Lewis seems to have hit the current state of politics on the head. Screwtape politics has intensified. Unfortunately, it may not reveal which initiatives truly advance the general welfare or who the most worthy candidates are. But at least it gives us insight into James Madison’s famous statement in Federalist 51: “If men were angels, no government would be necessary.”

Note

[1] Alterations from the original are indicated in italics. The original version is given below:

When two humans have lived together for many years, it usually happens that each has tones of voice and expressions of face which are almost unenduringly irritating to the other. Work on that. Bring fully into the consciousness of your patient that particular lift of his mother’s eyebrows which he learned to dislike in the nursery, and let him think how much he dislikes it. Let him assume that she knows how annoying it is and does it to annoy — if you know your job he will not notice the immense improbability of the assumption. And, of course, never let him suspect that he has tones and looks which similarly annoy her.
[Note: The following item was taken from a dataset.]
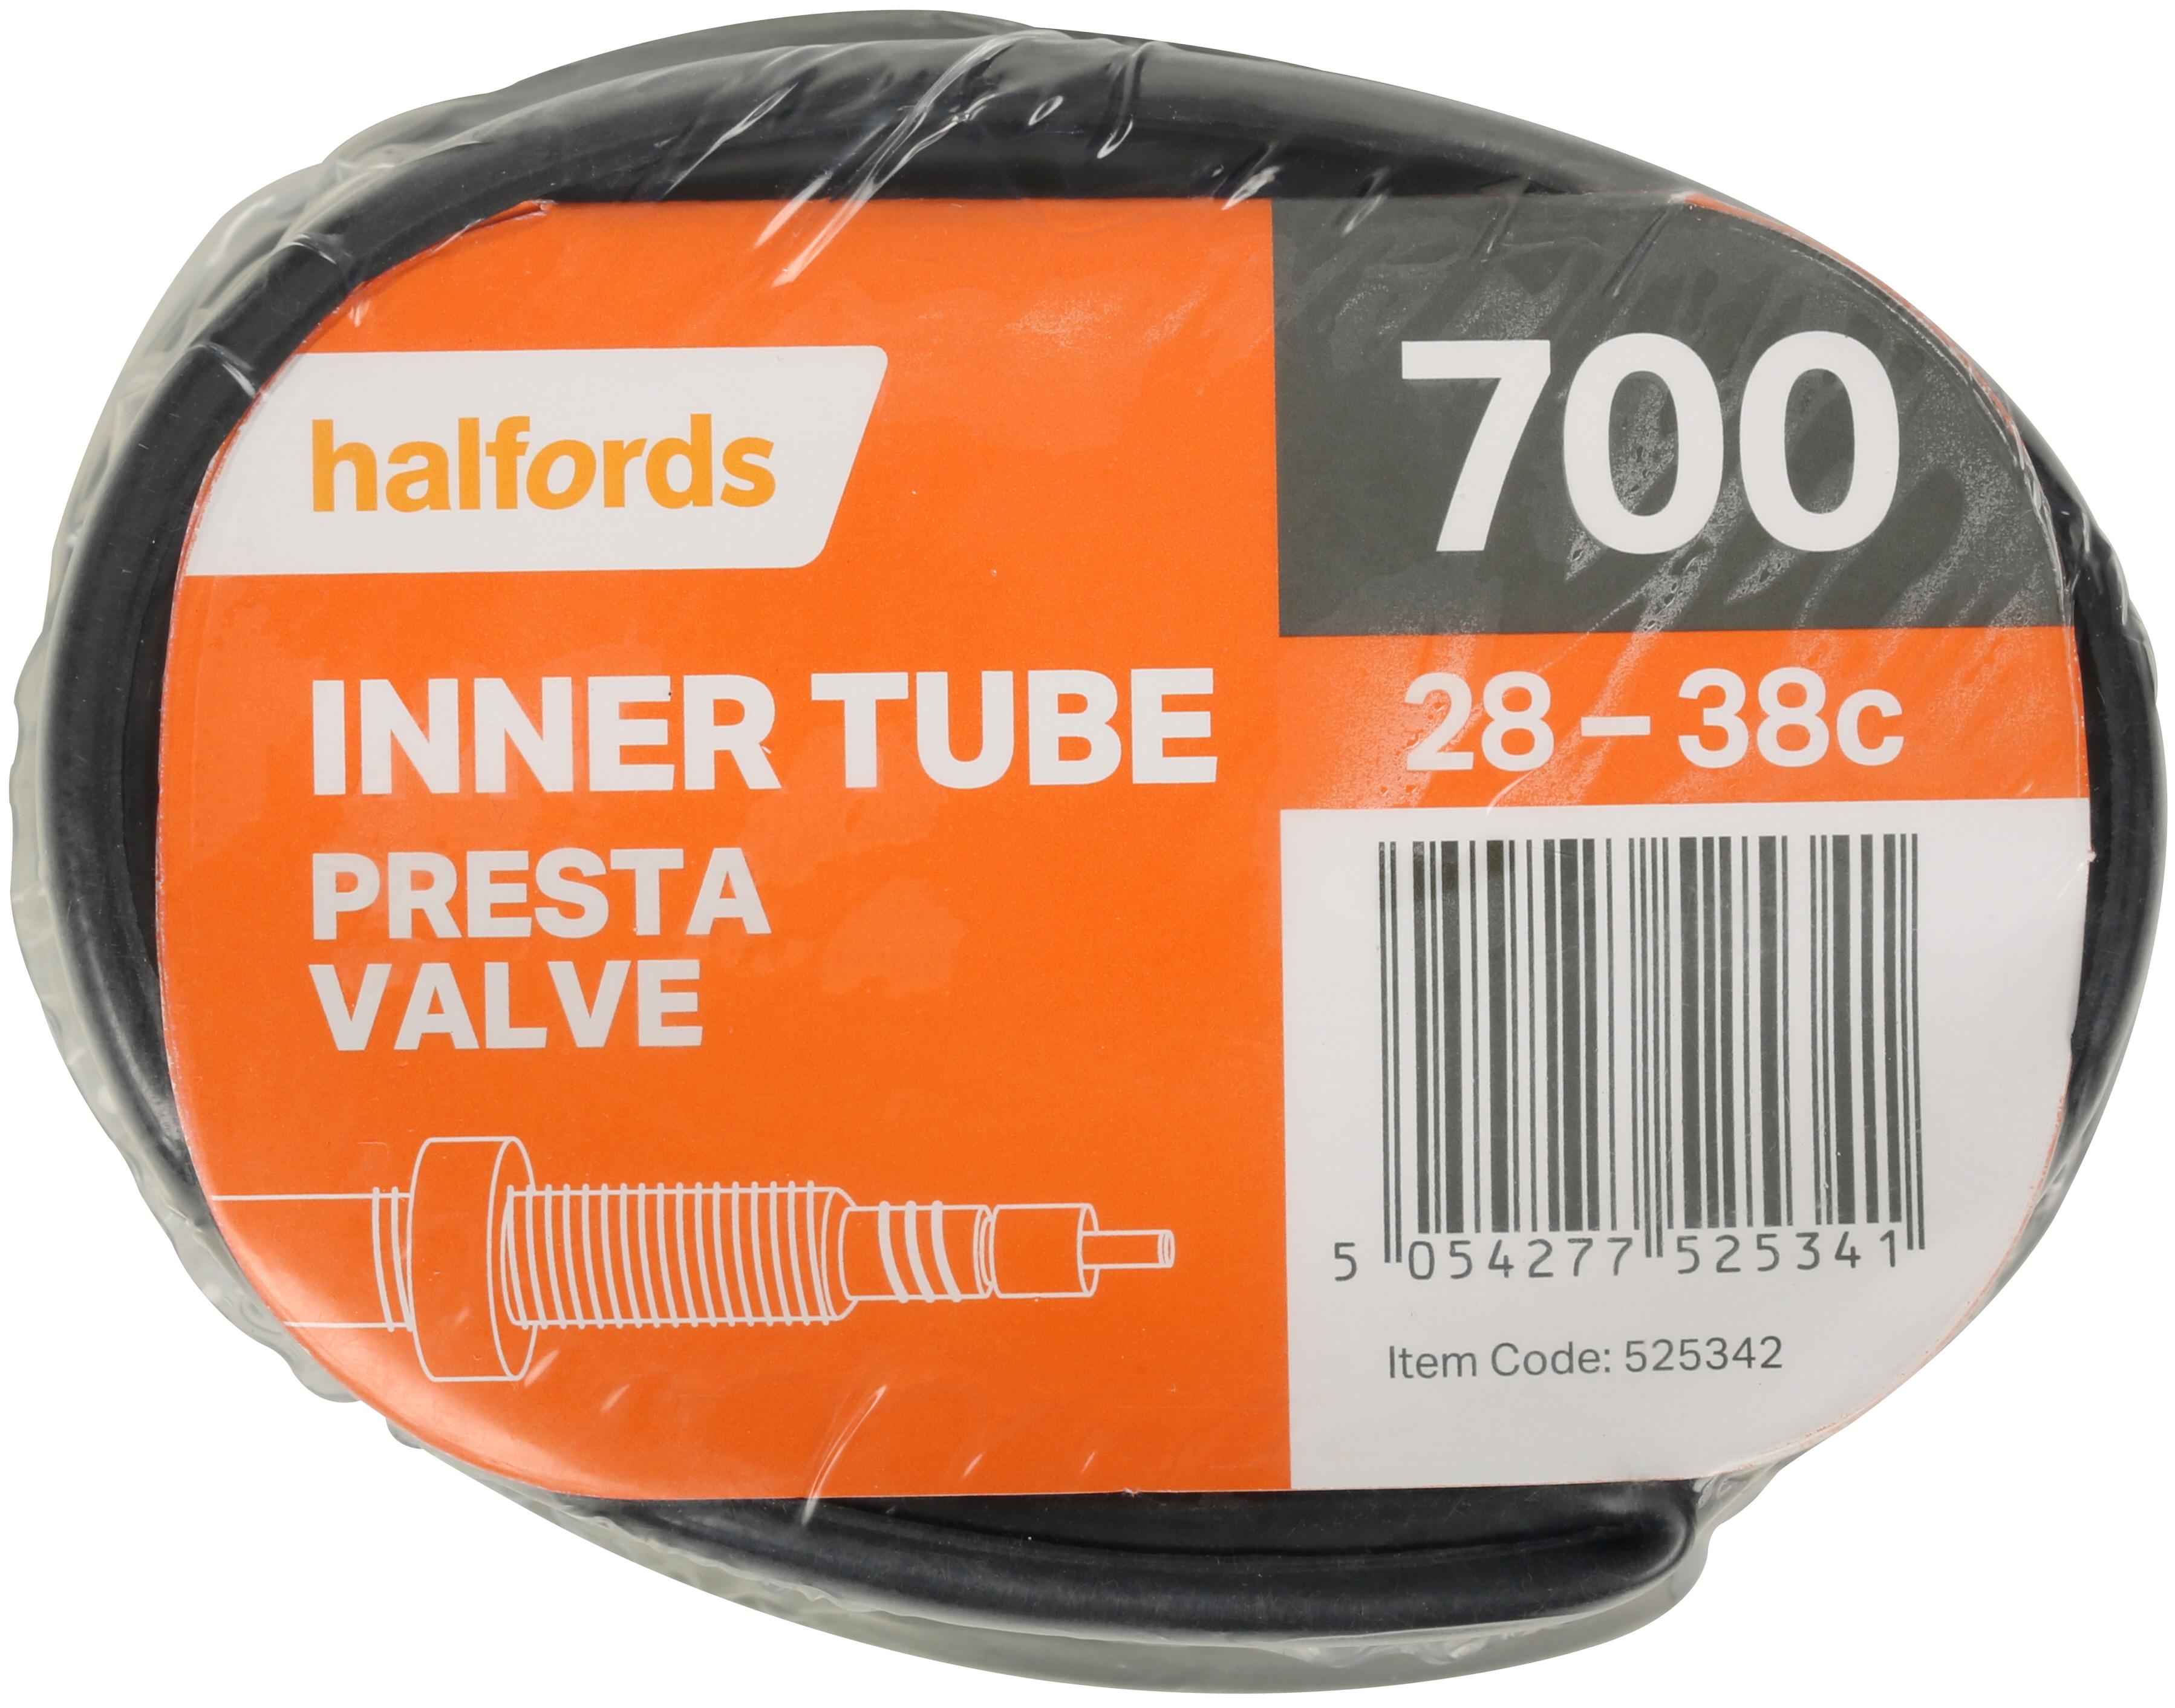 700c inner tube

In civilized life domestic hatred usually expresses itself by saying things which would appear quite harmless on paper (the words are not offensive) but in such a voice, or at such a moment, that they are not far from a blow in the face. To keep this game up you … must see to it that each of these two fools has a sort of double standard. Your patient must demand that all his utterances are to be taken at their face value and judged simply on the actual words, while at the same time judging all his mother=s utterances with the fullest and most oversensitive interpretation of the tone and the context and the suspected intention. She must be encouraged to do the same to him. Hence from every quarrel they can both go away convinced, or very nearly convinced, that they are quite innocent. You know the kind of thing: “I simply ask her what time dinner will be and she flies into a temper.” Once this habit is well established you have the delightful situation of a human saying things with the express purpose of offending and yet having a grievance when offence is taken.